Pada bulan Februari 2018, Pengadilan Kriminal Internasional membuka pemeriksaan pendahuluan atas pengaduan yang diajukan terhadap Presiden Duterte terkait dengan “perang narkoba,” mendorong pemerintah Filipina untuk menarik diri dari pengadilan. Pada Juni 2019, Dewan Hak Asasi Manusia PBB mengeluarkan resolusi yang meminta Kantor Komisaris Tinggi PBB untuk Hak Asasi Manusia untuk menyerahkan laporan komprehensif tentang situasi hak asasi manusia di Filipina. Kantor tersebut diharapkan untuk menyajikan laporan ini kepada Dewan Hak Asasi Manusia selama sesi Juni di Jenewa.
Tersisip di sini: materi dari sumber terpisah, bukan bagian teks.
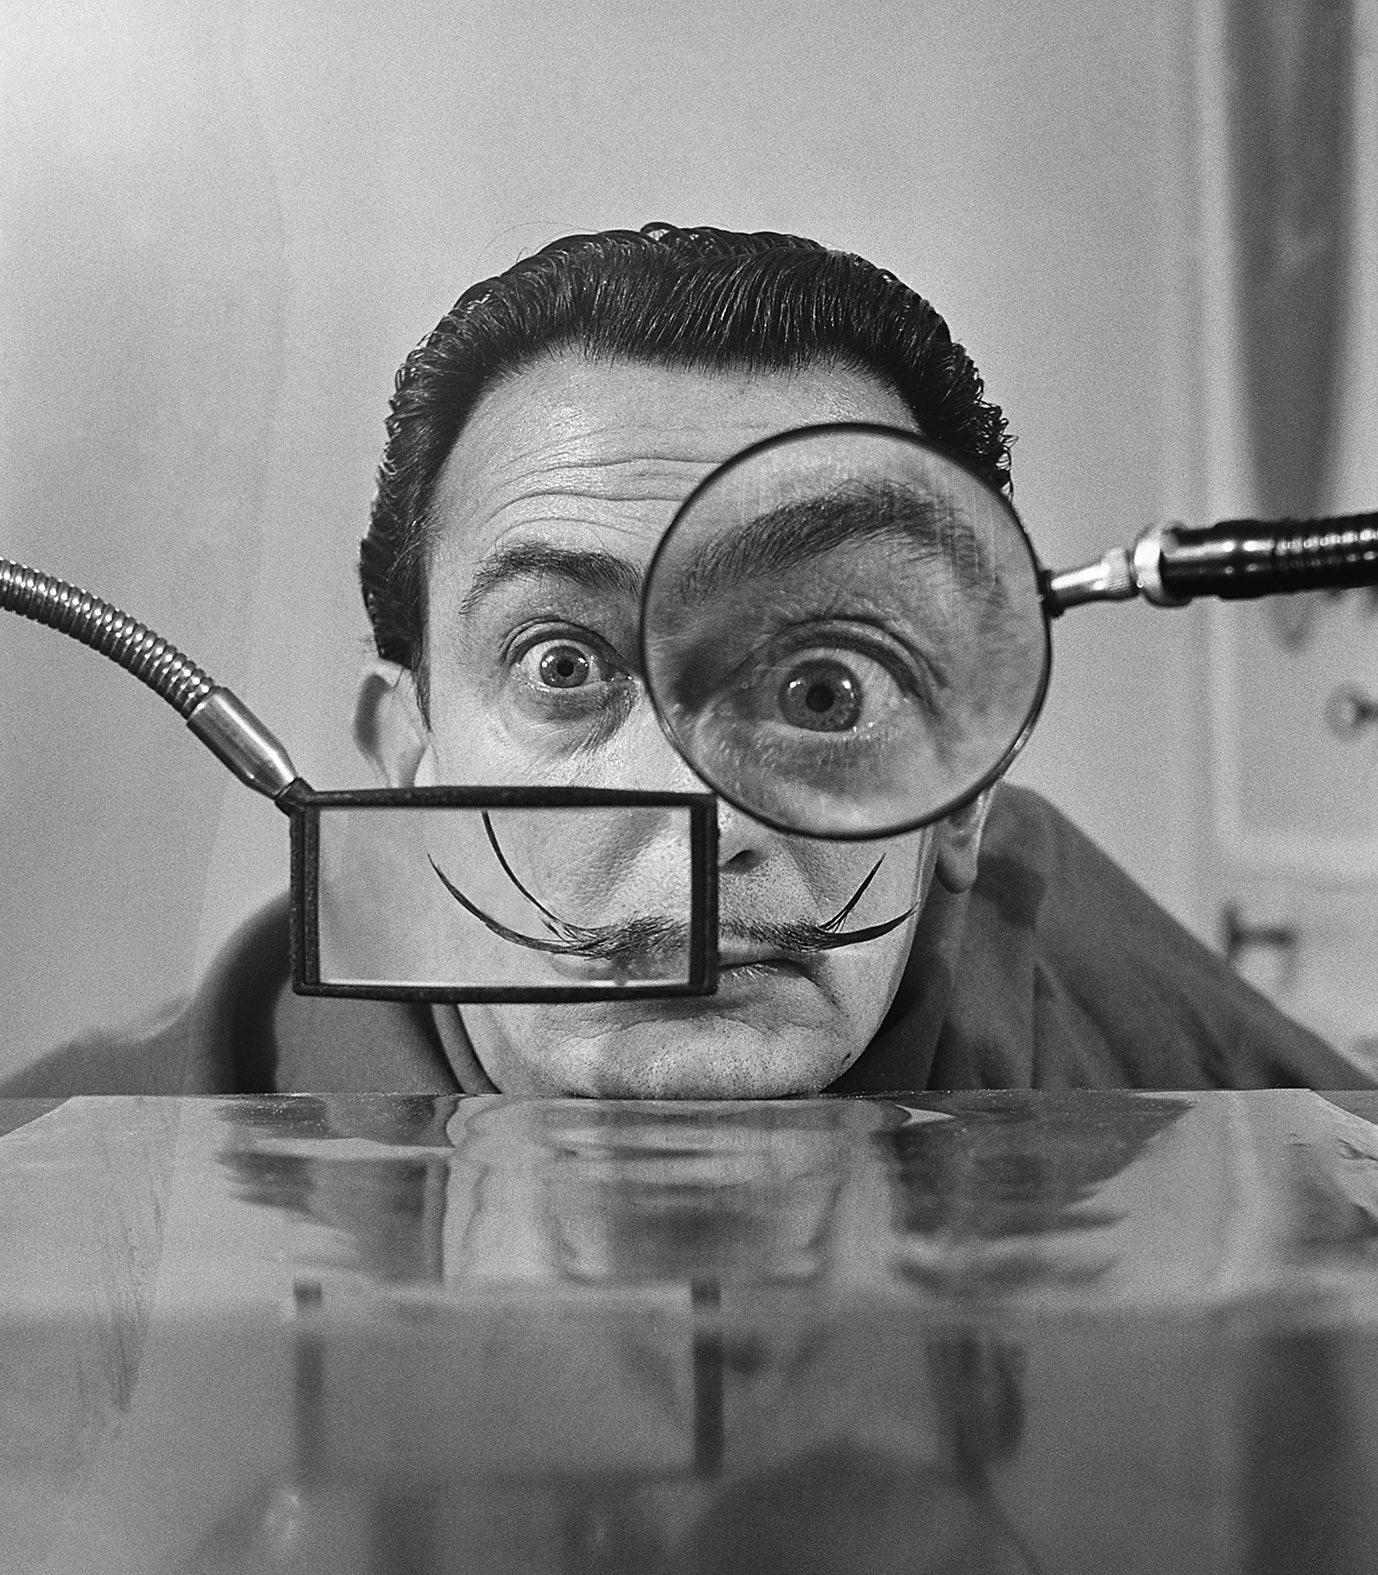 Salvador Dali woth Lenses, Paris, 1949

“Dewan HAM PBB harus membuat penyelidikan internasional dan menekan pemerintah Filipina untuk mengakhiri ‘perang narkoba’ yang mematikan,” kata Conde. “Tanpa tindakan sekarang, seluruh generasi anak-anak Filipina akan menjadi korban dari kekerasan kampanye anti-narkoba Duterte.”